Politicians, conservative commentators and right-wing online communities south of the border and beyond have cheered on the convoys, while demonstrators continue occupy the streets of downtown Ottawa and block U.S. border crossings in at least three provinces.

"(The Canadian convoy) kind of speaks to a lot of the similar frustrations that are being shared in the United States," Kayla Preston, a PhD candidate at the University of Toronto who has been studying Canadian far-right movements, told over the phone on Wednesday.

Like in Canada, U.S. President Joe Biden's vaccine mandates for health care workers, the military and employees of large businesses have been a wedge issue there, sparking outrage from the Republican Party. Top Republicans like Texas Senator Ted Cruz and former President Donald Trump have signal-boosted the Canadian convoy's cause -- the latter going as far as calling Prime Minister Justin Trudeau a "left-wing lunatic."

"I think the Canadian truckers are standing up not just for the freedom of Canadians, but for the freedom of Americans," Cruz told reporters on Wednesday.

Fox News and other conservative media outlets have also given the convoys extensive and glowing coverage.
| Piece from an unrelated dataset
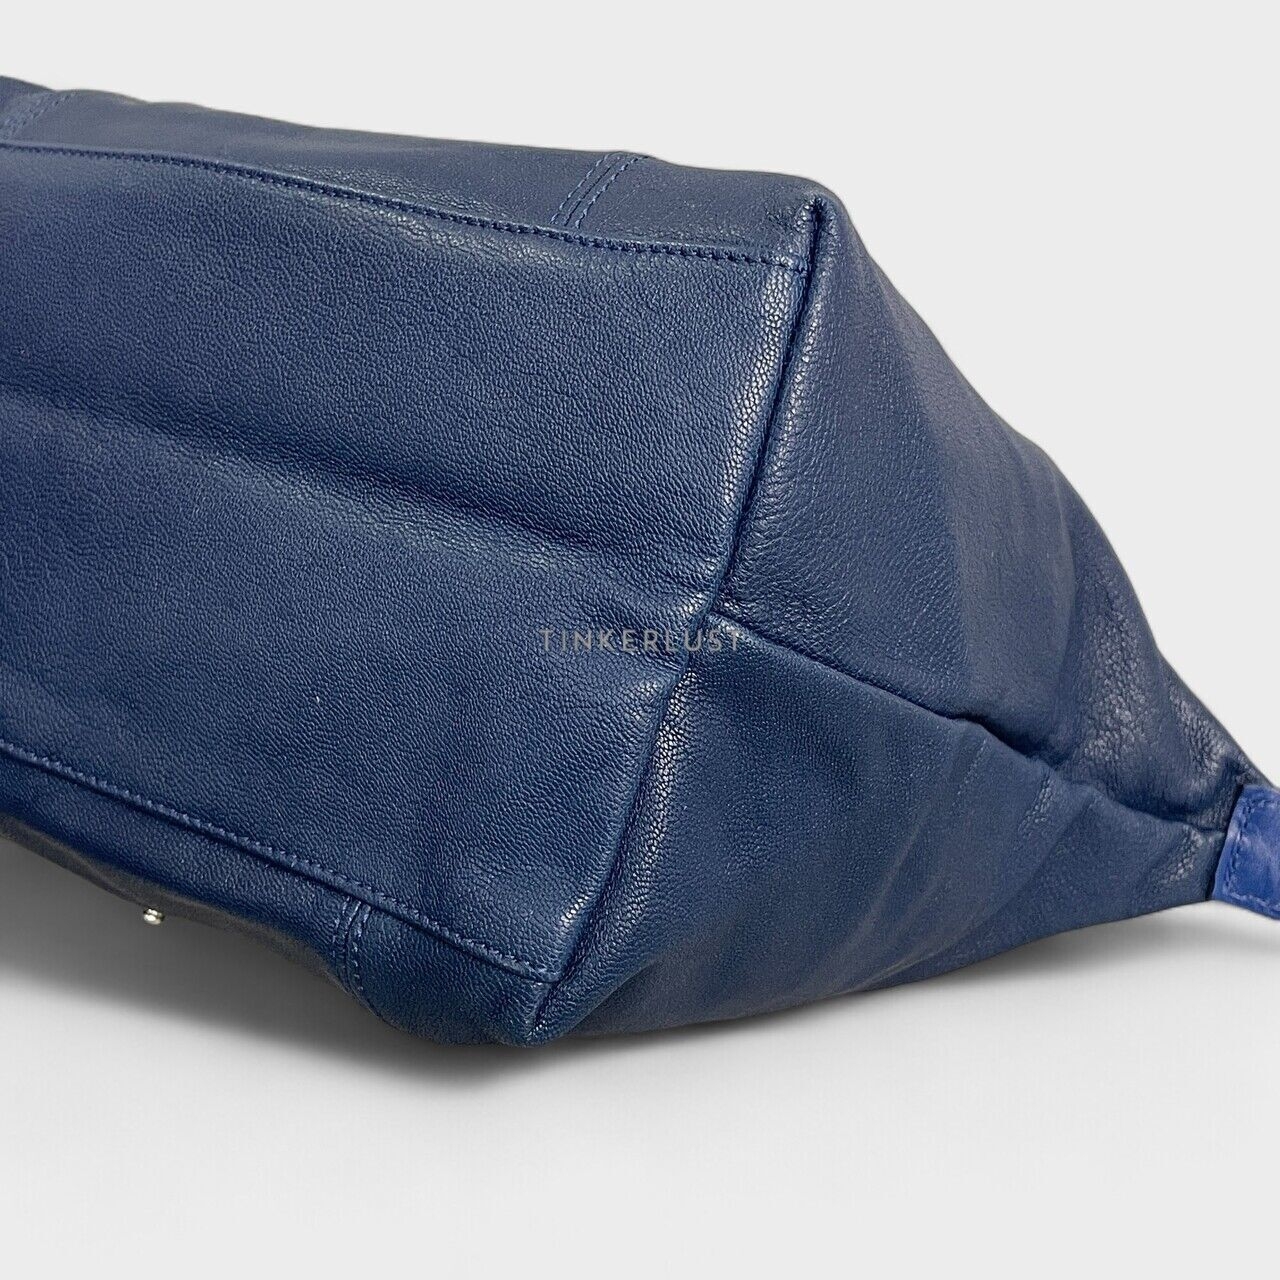 Longchamp Le Pliage Cuir Indigo SHW Tote Bag

On Tuesday, Fox commentator Tucker Carlson, who hosts the most-viewed cable news show in the U.S., praised the convoys for protesting "the tyranny of Justin Trudeau's government."

"This is a peaceful, political protest. No one has shown any evidence to the contrary. It's not a drug trafficking or human trafficking operation," Carlson said on his show. "These are Canadian citizens who drive trucks for a living, but they're being treated like a terror group."

Trucking groups, including the Canadian Trucking Alliance and the Private Motor Truck Council of Canada, have distanced themselves and their members from the convoy protests, stating that nearly 85 per cent of truckers are vaccinated. These groups have also noted that many of the organizers and participants of the convoy have no connection to the trucking industry.

The convoy protests in Canada have also inspired similar protests against COVID-19 health measures internationally.

Officials from the U.S. Department of Homeland Security have warned that a group of U.S. truckers and supporters are planning a similar convoy starting in Los Angeles, coinciding with the Super Bowl this weekend. From there, officials say the convoy will arrive in Washington, D.C. by March 1, when Biden's State of the Union Address is scheduled.

In Europe, a convoy of approximately 200 protesters gathered in the south of France on Thursday, from where they plan to head to Paris and Brussels. Another convoy in New Zealand also rolled through the country's capital of Wellington on Tuesday.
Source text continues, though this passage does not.